- Hamilton in A Man, a Woman, and a Bank (1979)
- Born: Leigh Hiene December 20, 1949 Auckland, New Zealand
- Died: September 8, 2012 (aged 62) Santa Monica, California, U.S.
- Occupation: Actress
- Children: 1

= Leigh Hamilton =

American actress

Leigh Hamilton (December 20, 1949 – September 8, 2012) was a New Zealand-born American actress and art gallery owner.

Hamilton was born in Auckland, New Zealand, on December 20, 1949, to parents, Colleen and Derek Hiene. She moved to the United States to pursue acting.

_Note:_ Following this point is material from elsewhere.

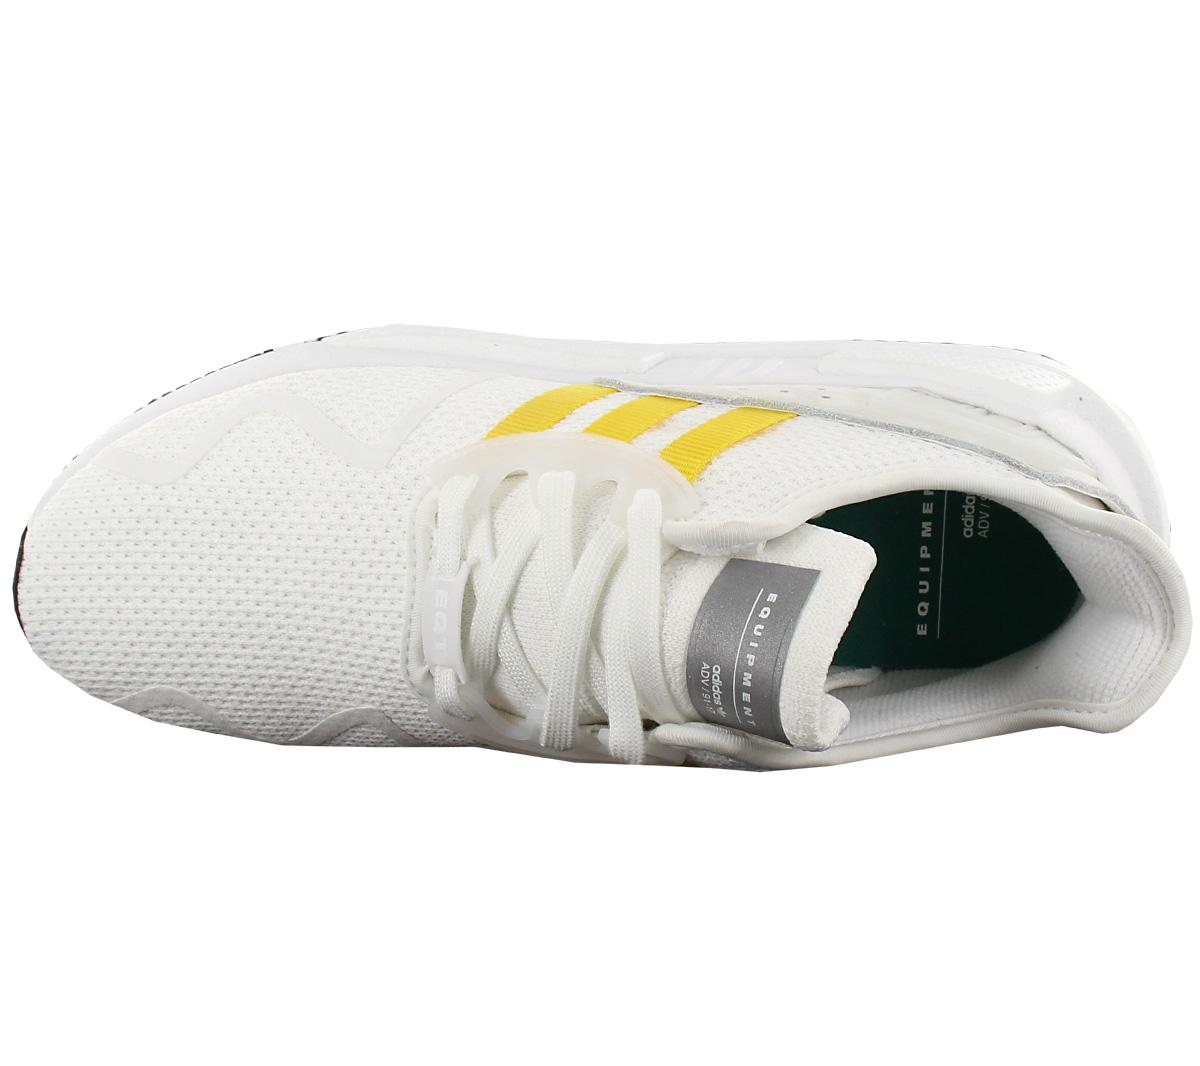 Details zu NEU adidas Originals EQT Equipment Cushion ADV Herren Schuhe Weiß Gelb CQ2375 SA

She began her career with small television roles during the 1970s, including parts on Kojak, The Mod Squad, Baretta, Banyon, and McMillan & Wife.

Hamilton co-starred in several films from the 1970s to the 1990s, including A Man, a Woman, and a Bank in 1979, Forced Vengeance in 1982, and Gas Food Lodging in 1992. She was also cast in smaller parts 1987's P.K. and the Kid and Hocus Pocus, a 1993 Halloween-themed comedic film starring Sarah Jessica Parker, Bette Midler, and Kathy Najimy.

In 1994, Hamilton opened the Hamilton Galleries in the Pacific Palisades, Los Angeles, and simultaneously left acting to focus on her art business. She represented California-based artists, including Brooke Adams, who had co-starred with Hamilton in A Man, a Woman, and a Bank and Gas Food Lodging. The Hamilton Galleries are now located on Ocean Avenue in Santa Monica, California, as of 2012.

Leigh Hamilton died at Saint John's Health Center in Santa Monica, California, on September 8, 2012, at age 62.